Some of his ideas are unconventional. For example, he wants to abolish the Department of Education, an idea worthy of consideration. After thirty years of teaching, I have no idea what the department does. Over coffee, I asked some colleagues. Someone said it would be irresponsible to abolish the Department of Education, but none could explain what the department does nor how the department supported their students.

Congressman Paul, a member of the House Finance Committee, wants to abolish the Federal Reserve. Of course this is a shocking idea to some. But have you ever been able to understand what the Fed does? Not just the fluff they teach you in high school. You know, like “they regulate banking” or “they control interest rates,” or the best one of all, “They print money and sell it the Treasury.” How’s that? They sell their printed money to the government? Why doesn’t the government print its own money like other countries do? Why doesn’t congress appoint a committee to control interest rates? The fact is nobody really knows. I attempted to plow through William Greider’s “Secrets of the Temple,” but it was a tedious read. Most people don’t even have a handle on whether the Fed is a government bureau or a private corporation- and I think the Fed wants it that way. I would love to see it taken up on national TV, but with Ron Paul marginalized as I predicted he would be last summer in this column, that’s one debate you will never see. Real debates can lead to the unacceptable risk of real democracy breaking out.

The one thing that has angered his detractors more than anything else is his use of the term “empire” to describe US foreign policy. Let’s see. We have 700 military bases in 130 countries, which, by the way, are being run on borrowed money from China. The British didn’t have a problem with using the term “empire” when they had an empire, so what’s the fuss? Maybe if we started using the word, people might just arrive more easily at the obvious conclusion that empires don’t benefit those who must pay for their sustenance with blood, tears and their children’s lives.
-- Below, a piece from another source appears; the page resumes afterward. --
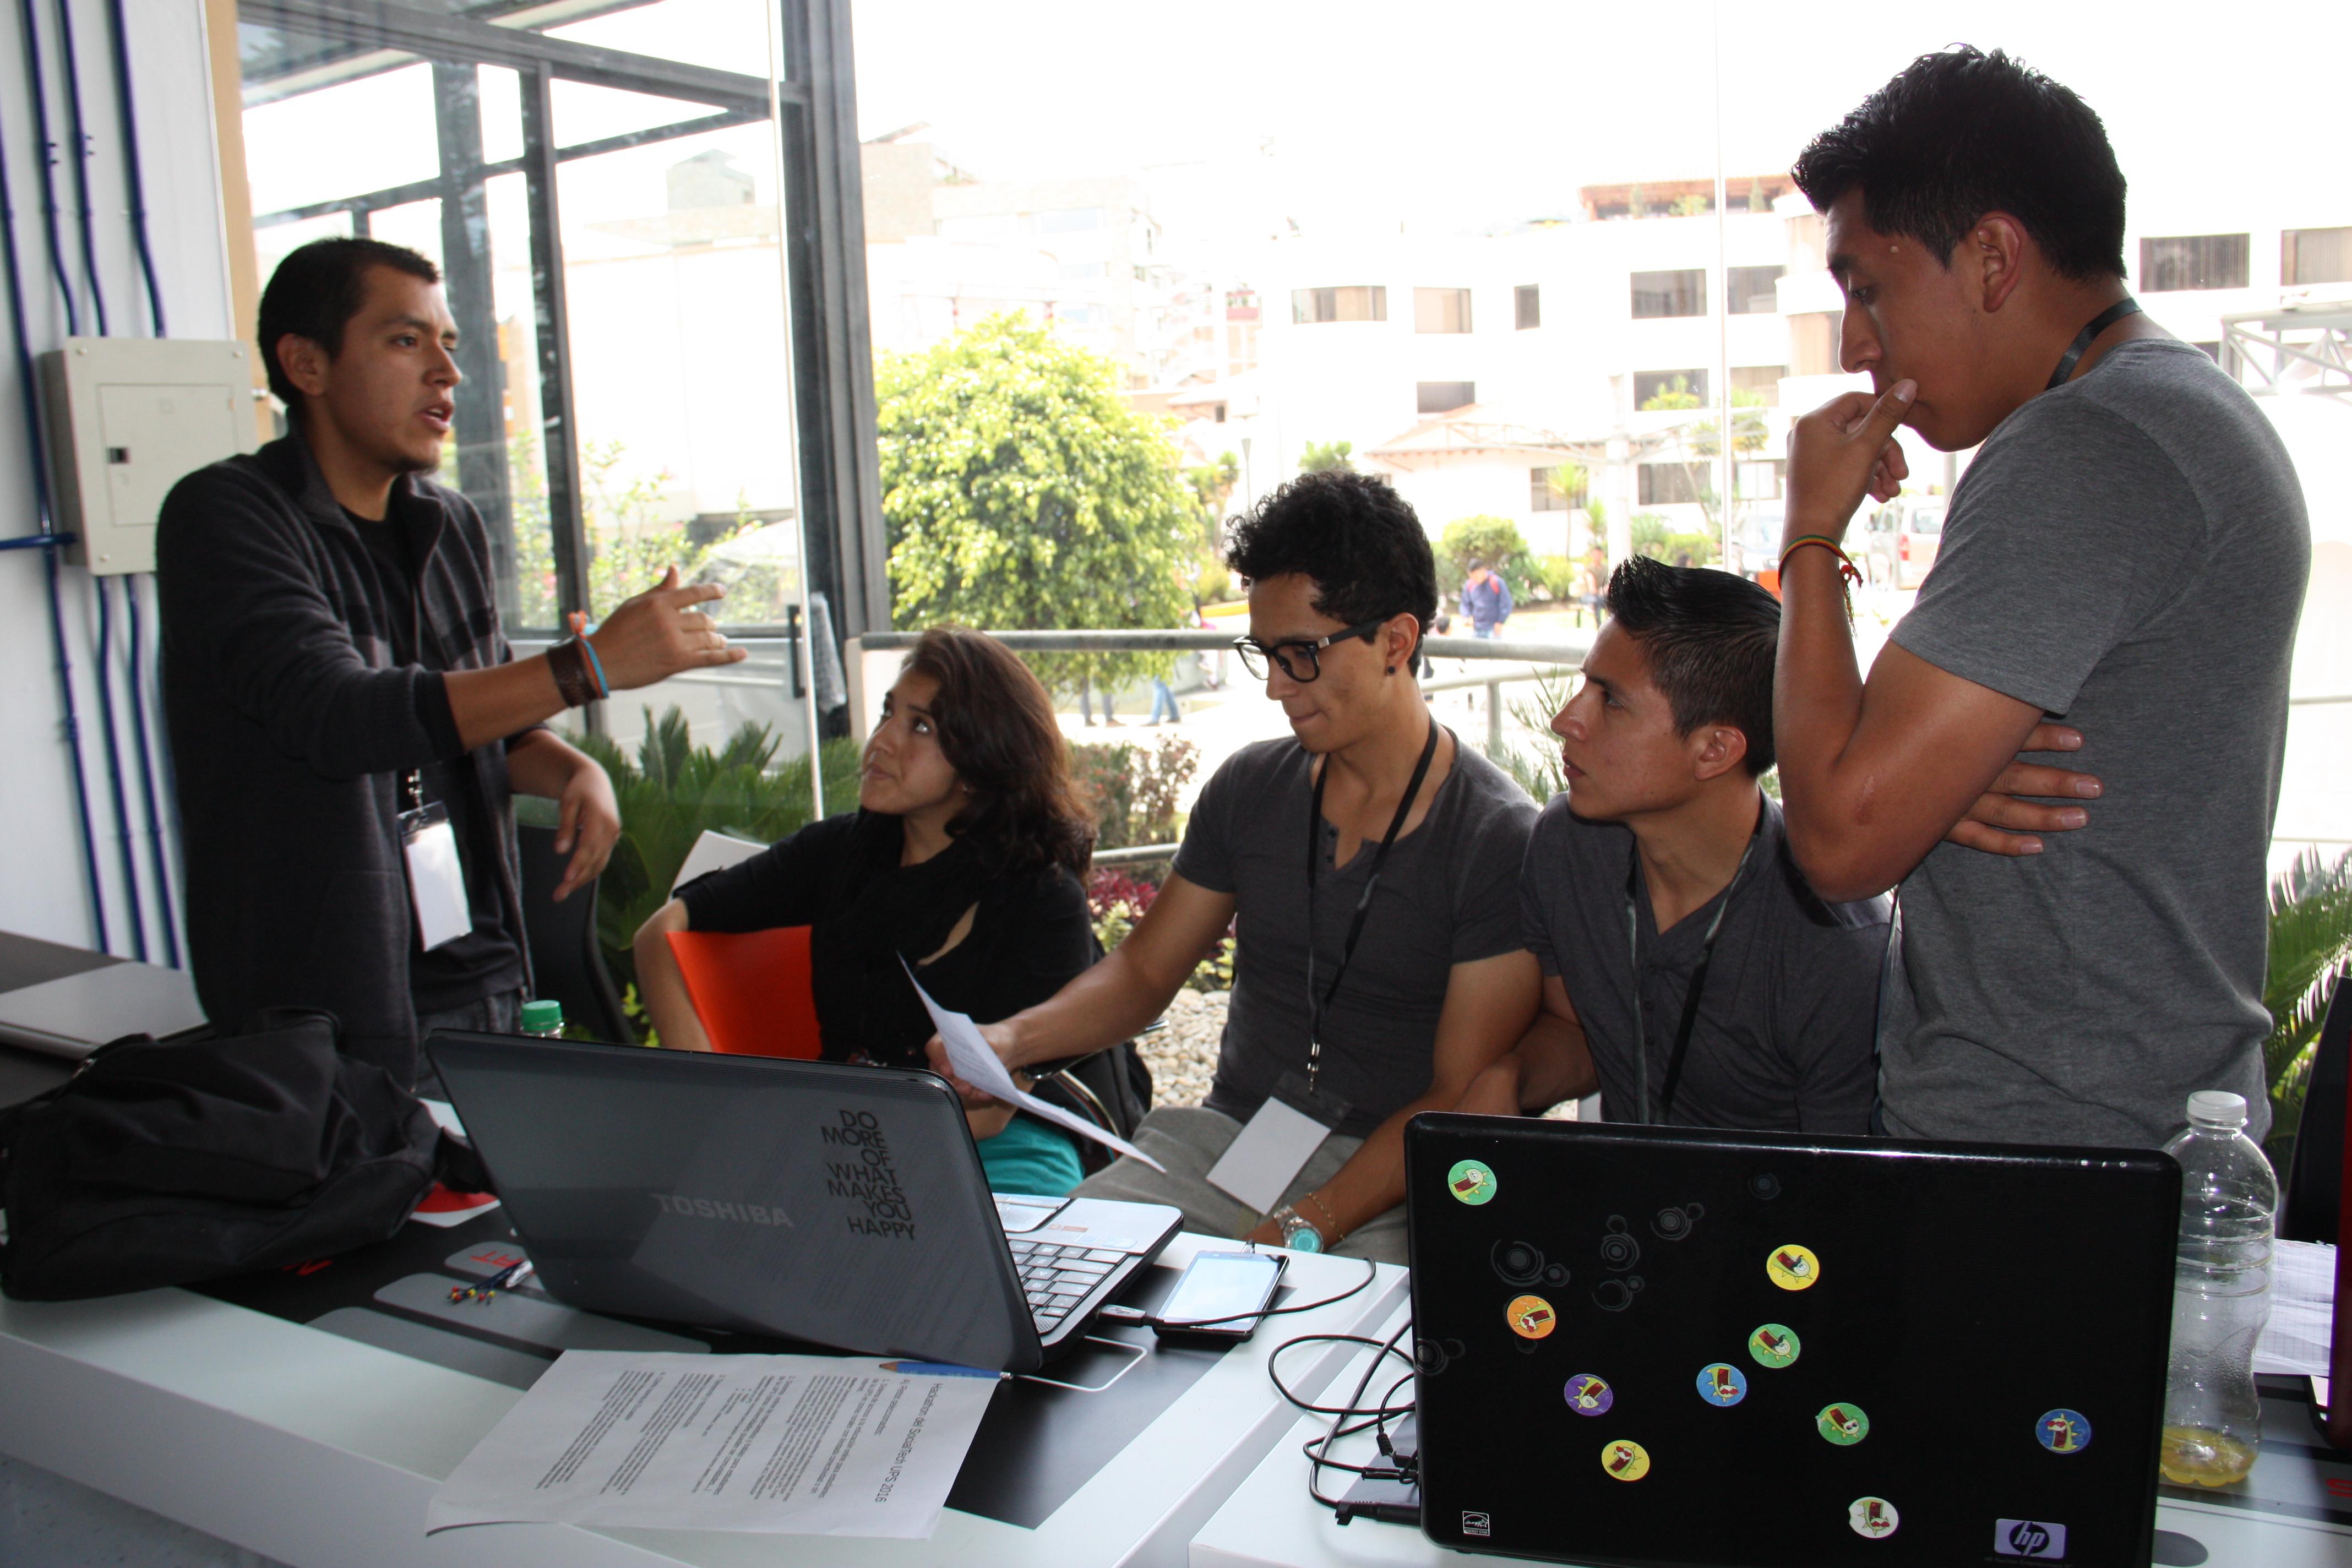 Vitalidad de la propuesta, innovaciones metodológicas, didácticas y comunicacionales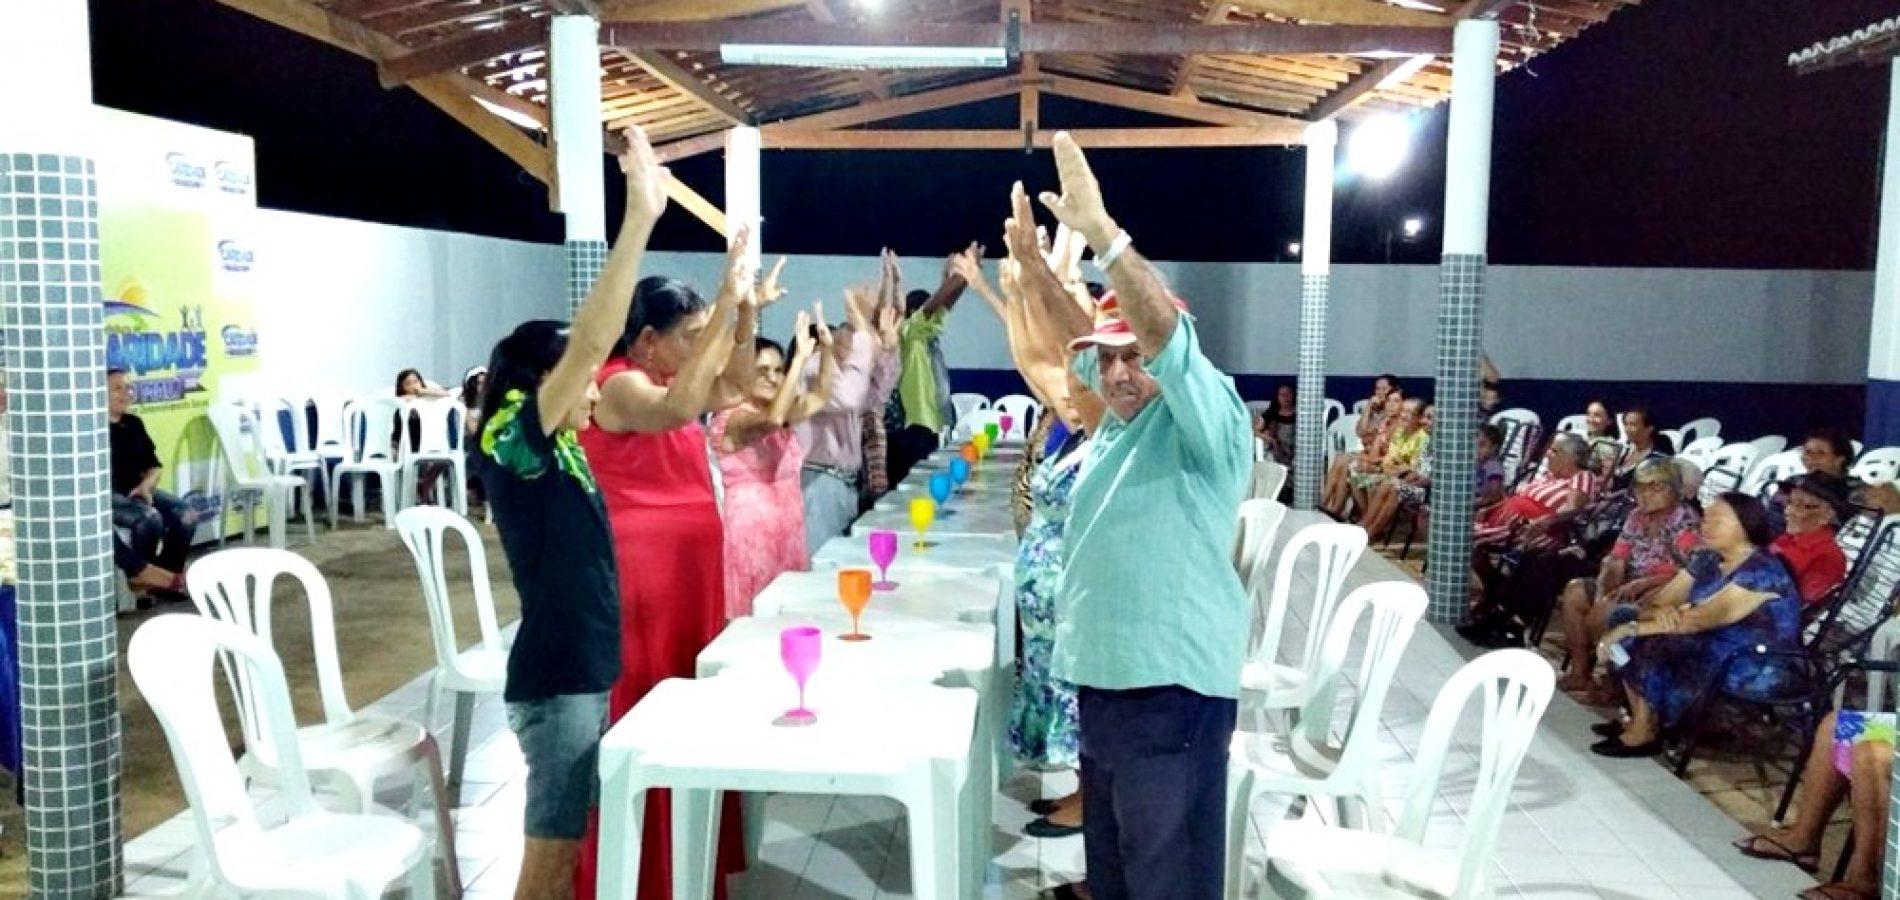 CARIDADE | Forró dos Idosos abre atividades do Serviço de Convivência e proporciona alegria e diversão

According to Ron Paul, the military is for the defense of one’s homeland, not for globe policing or nation building. Imagine if all that money were diverted into tax reduction, medical research, business development, housing, health care, technology…

Whether you like him or you think he’s nuts, you have to admit- he’s not a bore like all the others mouthing stale platitudes about “change.” (No substantive change will ever come to this country until all lobbying is made illegal.) Of all the political analysts I have listened to, my mother said it best when I asked her opinion of Congressman Paul: “Oh that guy will never win,” she said, dismissing his candidacy with a wave of the hand. “He makes too much sense.”